Among Muslim circles, to offset the dissent in Islamist circles over some of the progressivist politics of the Mayor, Bahi has also sought to emphasize his own non-progressive credentials, attacking Muslim "non-binary" activists as "un-Islamic" while also warning about "toxic femininity."
Mayor Adams has a long history of embracing the wrong partners. As a police officer, he worked a little too closely with the Nation of Islam, a black supremacist movement. Such mistakes are even more dangerous today, now that he is the elected head of the world's richest city.
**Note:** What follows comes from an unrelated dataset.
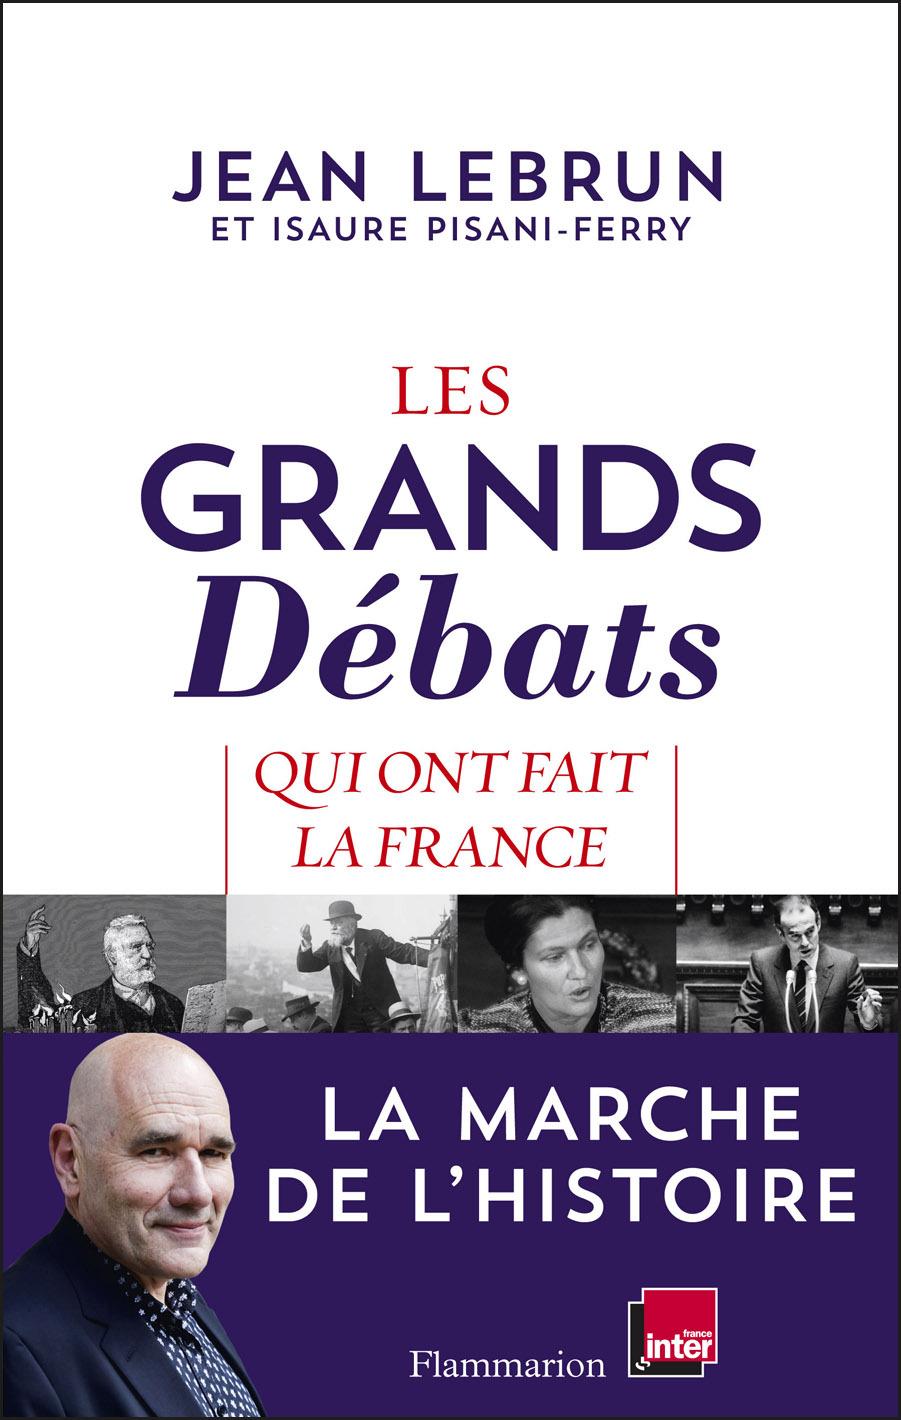 Les Grands Débats qui ont fait la France

And yet, with this latest policy change, Mayor Eric Adams has once again chosen the wrong partners. Eventually, the tensions already encountered by Bahi will become unmanageable, Islamist agendas and progressivist ideas will clash, and such alliances will collapse, as the media is beginning to notice.
But until that happens, in amplifying the adhan, Mayor Adams is also amplifying the influence and legitimacy of New York City's Islamists, all to the detriment of ordinary New York Muslims.
Sam Westrop is director of the Middle East Forum's Islamist Watch project.